Las vidas y las obras de los Apóstoles Simón el Cananeo y Judas Tadeo, transcurrieron de forma paralela, pero muy cercanas, y por eso entre otros motivos la Iglesia de Occidente celebra de forma conjunta la festividad de estos dos santos. Muchos hagiógrafos, incluso llegan a insinuar que Simón Cananeo y Judas Tadeo eran hermanos, pero lo cierto es que no existe una base coherente para aceptar este hecho. En los Evangelios se les nombra en la lista de los Doce, siempre juntos (Mt 10,4; Mc 3,18; Lc 6,15) y en los Hechos de los Apóstoles, también San Lucas los nombra así (Hech 1,13), esto no quiere decir, sin embargo, que fueran necesariamente hermanos como algunas veces se ha sugerido, pero sin duda ambos eran parientes cercanos del Señor.
Concretamente, Judas Tadeo se sabe que era hermano de Santiago <el Menor>, el que fuera Obispo de Jerusalén cuando Pedro tuvo que <marchar a otro lugar>, y ambos eran hijos de Alfeo y de María Cleofás (probablemente prima hermana de la Virgen María). Por su parte Simón es nombrado con el apelativo del <Cananeo>, en los Evangelios de Mateo y Marcos, lo cual hace suponer que era natural de Canaán, y recibe el apodo de <Zelote> por parte del evangelista San Lucas, lo que ha hecho creer a algunos historiadores que su procedencia era la secta de los zelotes, existente en aquellos tiempos.

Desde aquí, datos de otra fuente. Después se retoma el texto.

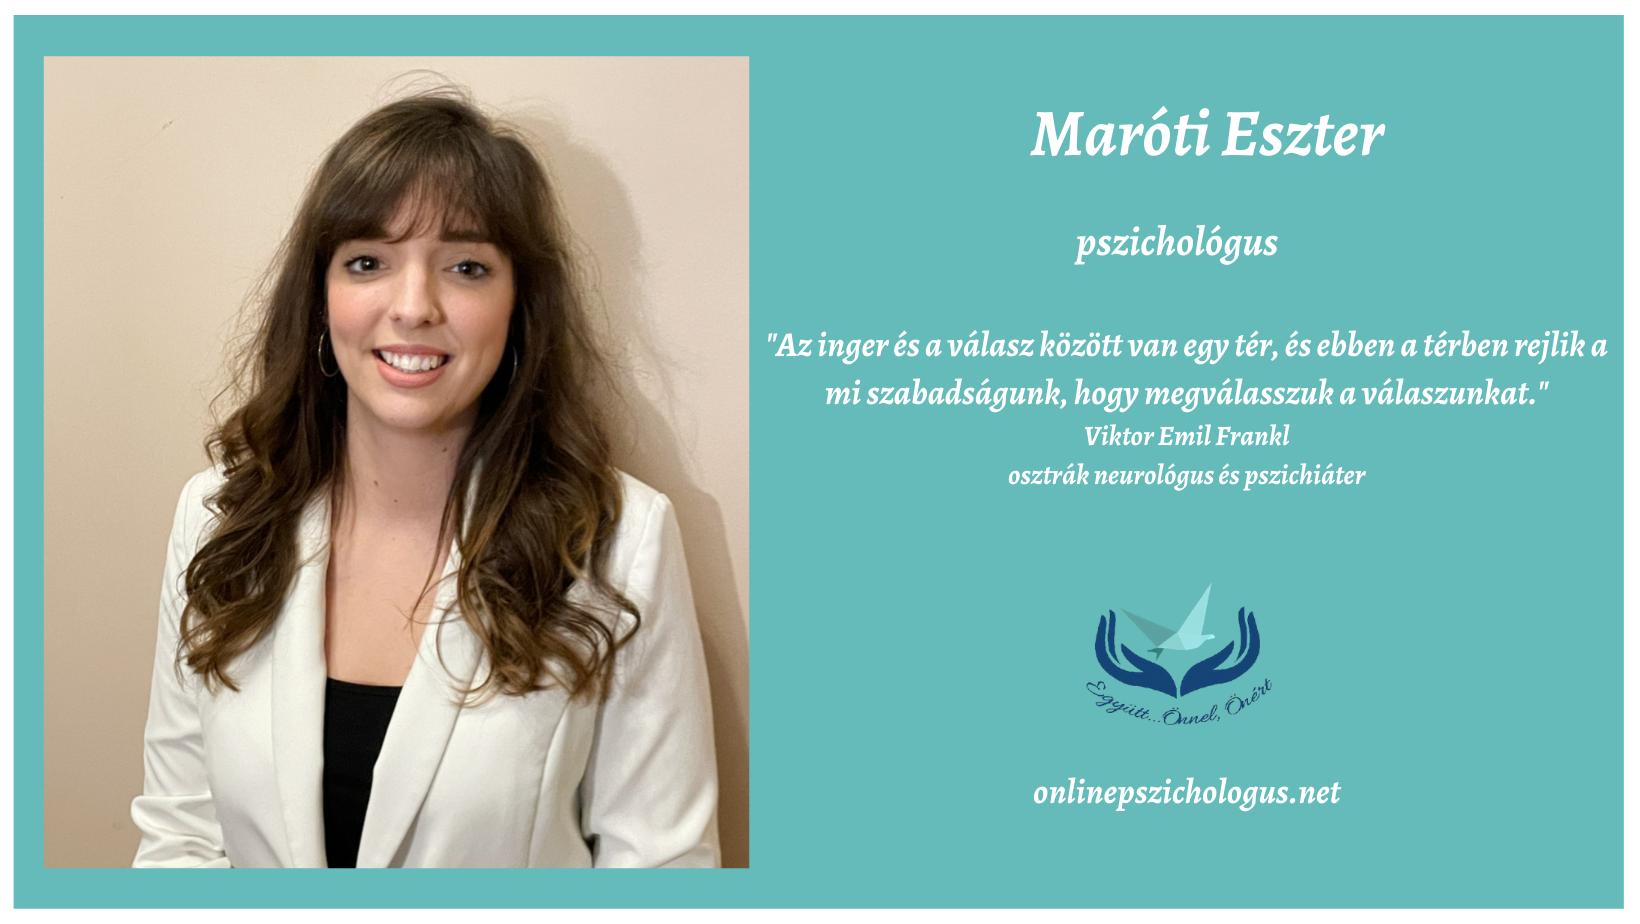 Interjú Maróti Eszter pszichológussal

Según Benedicto XVI (Ibid), los dos calificativos significarían lo mismo:
“En realidad, los dos calificativos son equivalentes, pues significan lo mismo: en hebreo, el verbo <qaná> significa <ser celoso, apasionado> y se puede aplicar tanto a Dios en cuanto que es celoso del pueblo al que ha elegido (Cf. Éxodo 20, 5), como a los hombres, que arden de celo en el servicio al Dios único con plena entrega, como Elías (Cf. 1 Reyes 19, 10).
Por tanto, es muy probable que este Simón, si no pertenecía propiamente al movimiento nacionalista de los zelotes, quizá se caracterizaba al menos por un celo ardiente por la identidad judía, es decir, por Dios, por su pueblo y por su Ley divina”

Los zelotes, existentes en Israel en tiempos de Jesús y sus Apóstoles, defendían unas ideas que en muchos aspectos eran semejantes a las de la secta de los fariseos, pero se diferenciaban de estos en que ellos apostaban por la acción armada contra los romanos, pues pensaban que ésta sería respaldada por Dios. Eran, por tanto, contrarios al pago del tributo a Roma y manifestaban una aversión especial hacia los matrimonios mixtos, entre otras cosas.
Esto demuestra, como dice nuestro actual Papa, que el Señor eligió a sus doce Apóstoles entre todas las clases sociales, e ideologías, sin hacer exclusión de nadie, porque a Él le interesaban los seres humanos y no las categorías sociales, y lo más interesante de ello es que estas personas procedentes de extractos sociales tan diferentes convivieran juntas al lado del Señor, superando todas las posibles dificultes que se pudieran presentar por este hecho y, sólo, porque la presencia de Jesús era más que suficiente para conseguir unirlas  en una misma fe.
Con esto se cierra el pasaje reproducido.